> The records
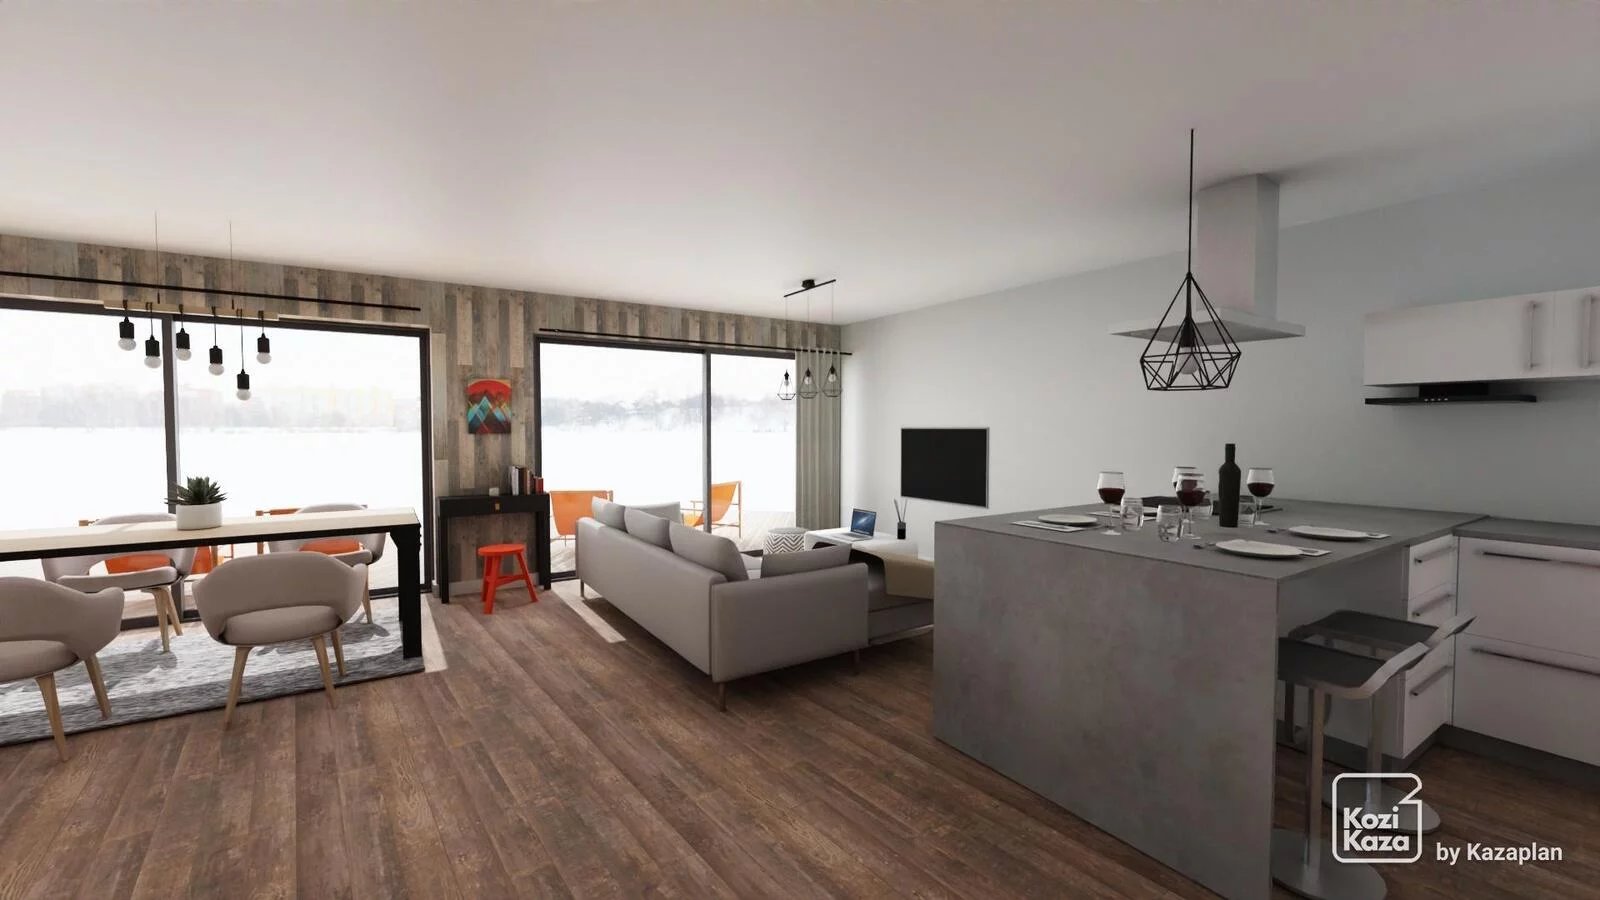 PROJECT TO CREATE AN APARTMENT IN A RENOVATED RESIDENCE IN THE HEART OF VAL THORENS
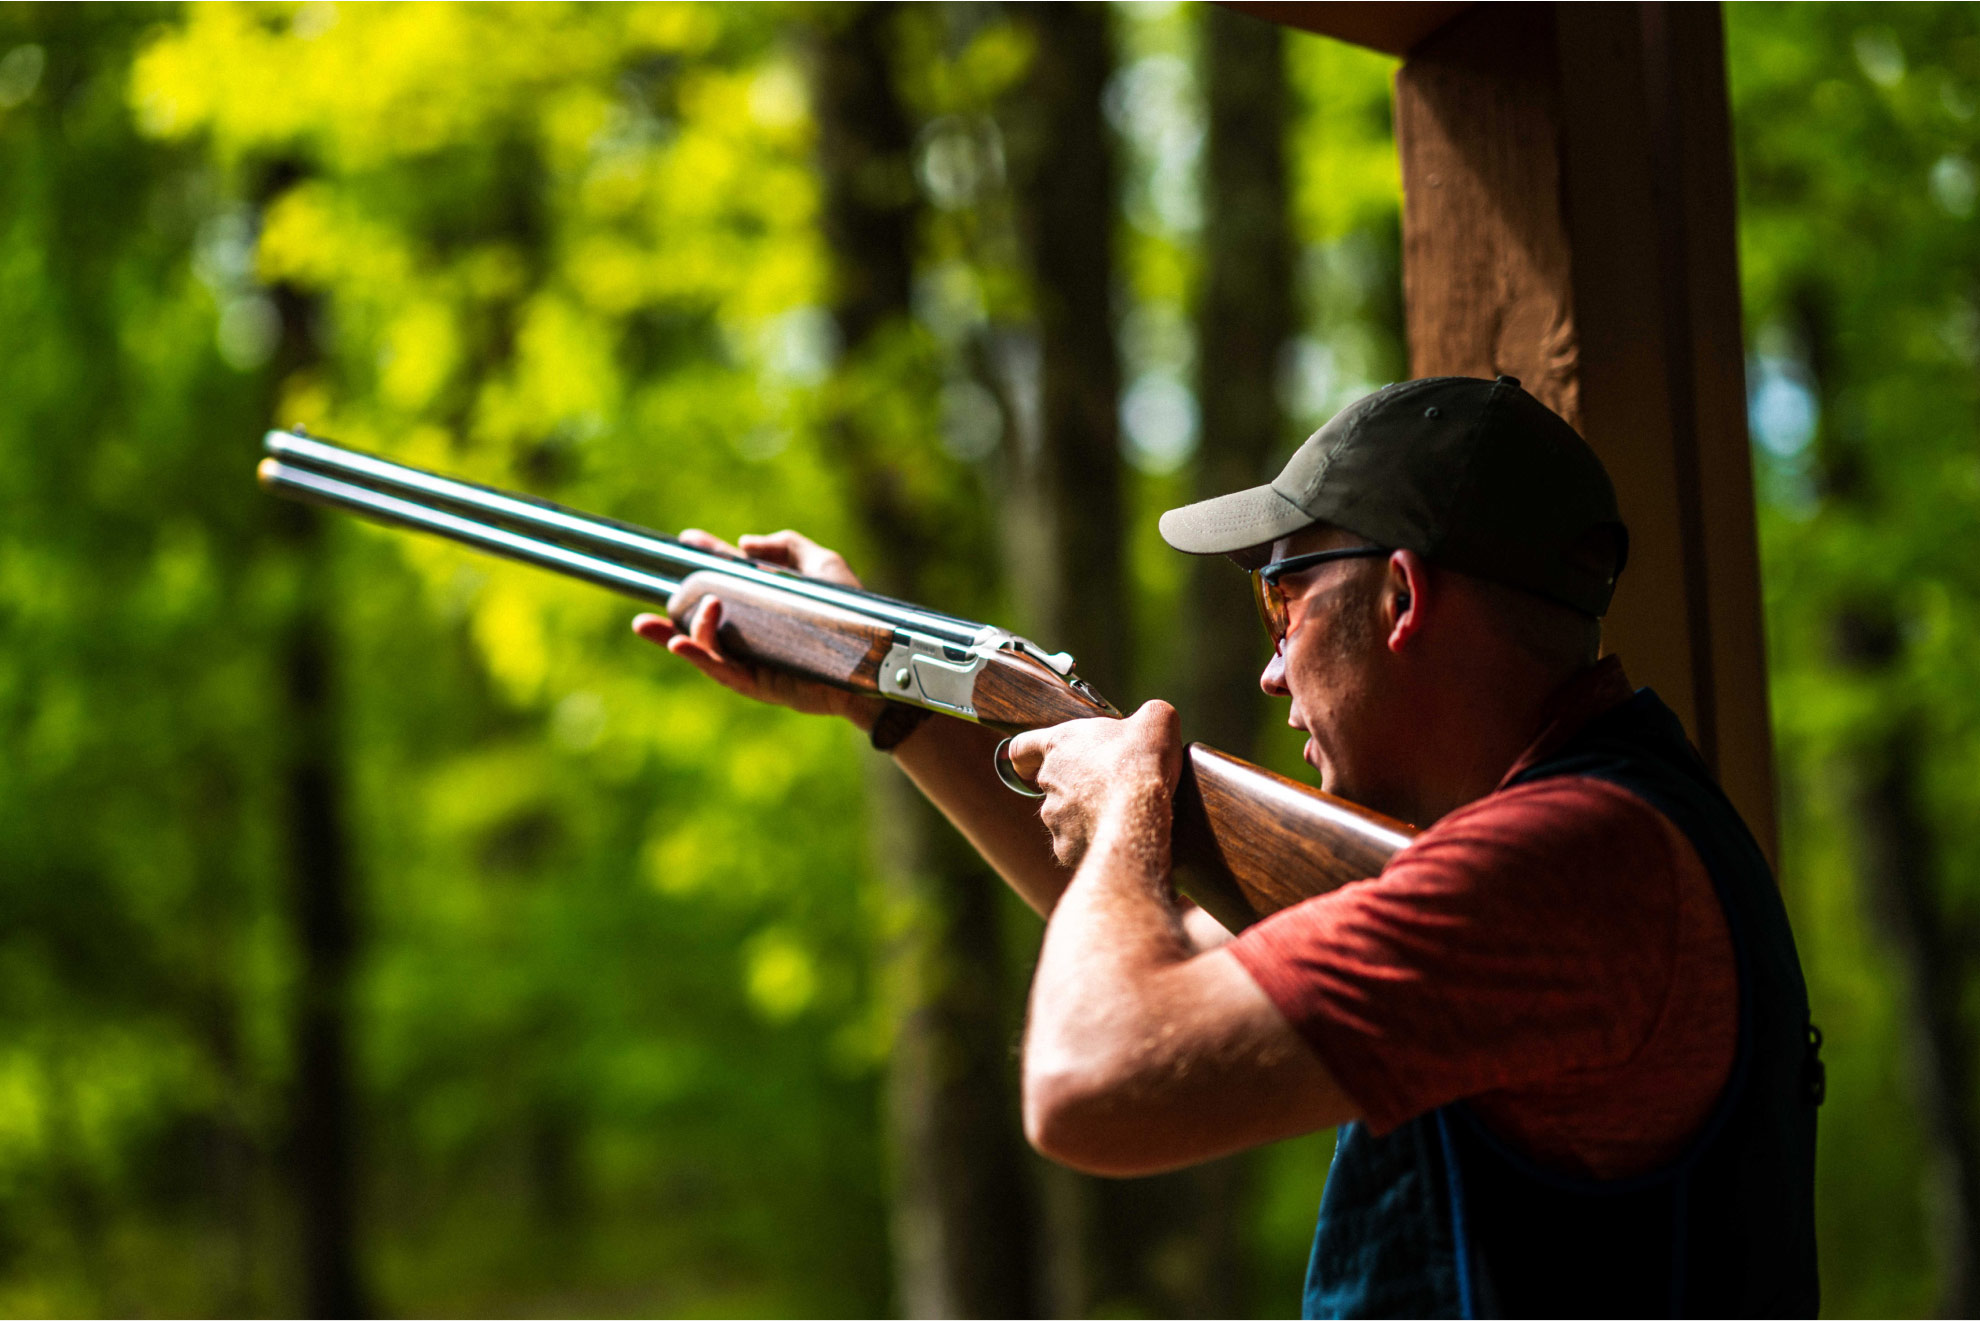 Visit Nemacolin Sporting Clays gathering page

---

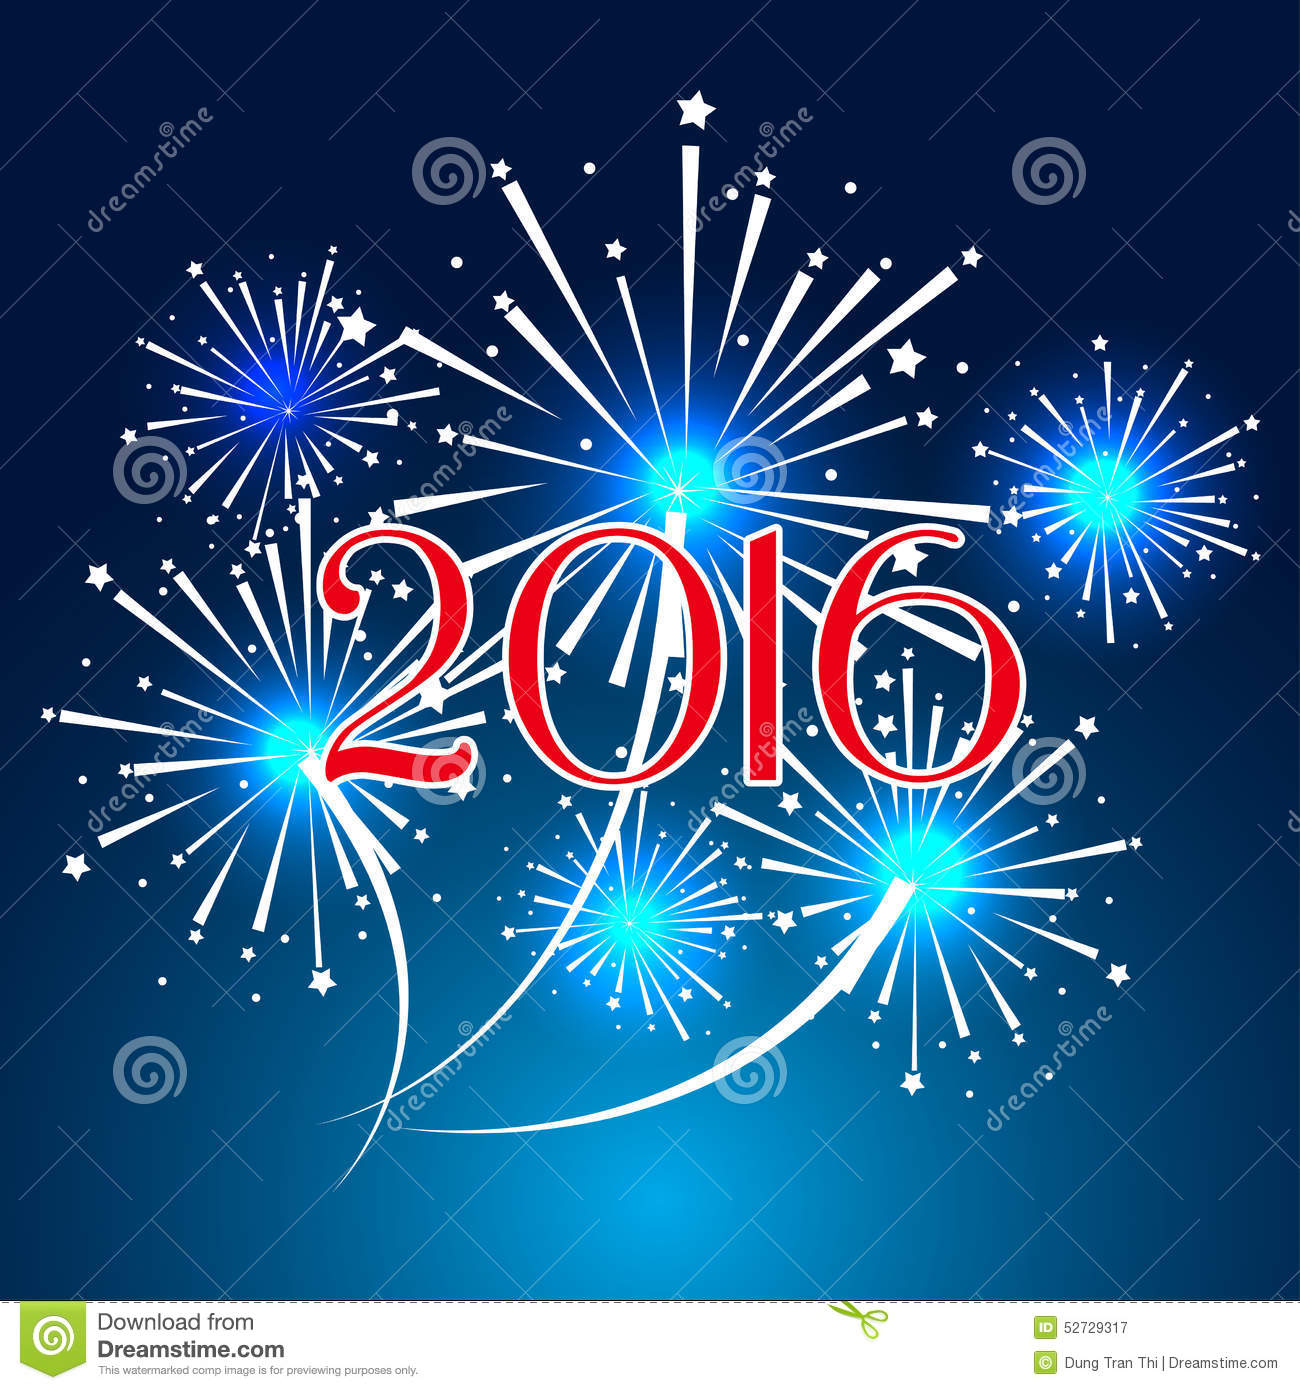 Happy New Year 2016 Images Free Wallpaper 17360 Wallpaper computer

> What is needed
Leaving pictures out, output the lines of the data above from the one with "PROJECT TO CREATE" through the one with "Visit Nemacolin Sporting", word for word.

> Task result
 PROJECT TO CREATE AN APARTMENT IN A RENOVATED RESIDENCE IN THE HEART OF VAL THORENS
 Visit Nemacolin Sporting Clays gathering page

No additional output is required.